* Exercise instructions:
Lines below starting with the line with "Una gran cantara" and going on through the line with "Vintage Louis Vuitton" must be output exactly; the rest of the records must be left out.

* Given entries:

________________

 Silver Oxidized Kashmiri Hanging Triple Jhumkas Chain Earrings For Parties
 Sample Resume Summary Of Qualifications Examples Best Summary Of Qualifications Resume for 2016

________________

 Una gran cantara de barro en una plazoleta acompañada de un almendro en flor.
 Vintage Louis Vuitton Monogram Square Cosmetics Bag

________________

* Answer area:
 Una gran cantara de barro en una plazoleta acompañada de un almendro en flor.
 Vintage Louis Vuitton Monogram Square Cosmetics Bag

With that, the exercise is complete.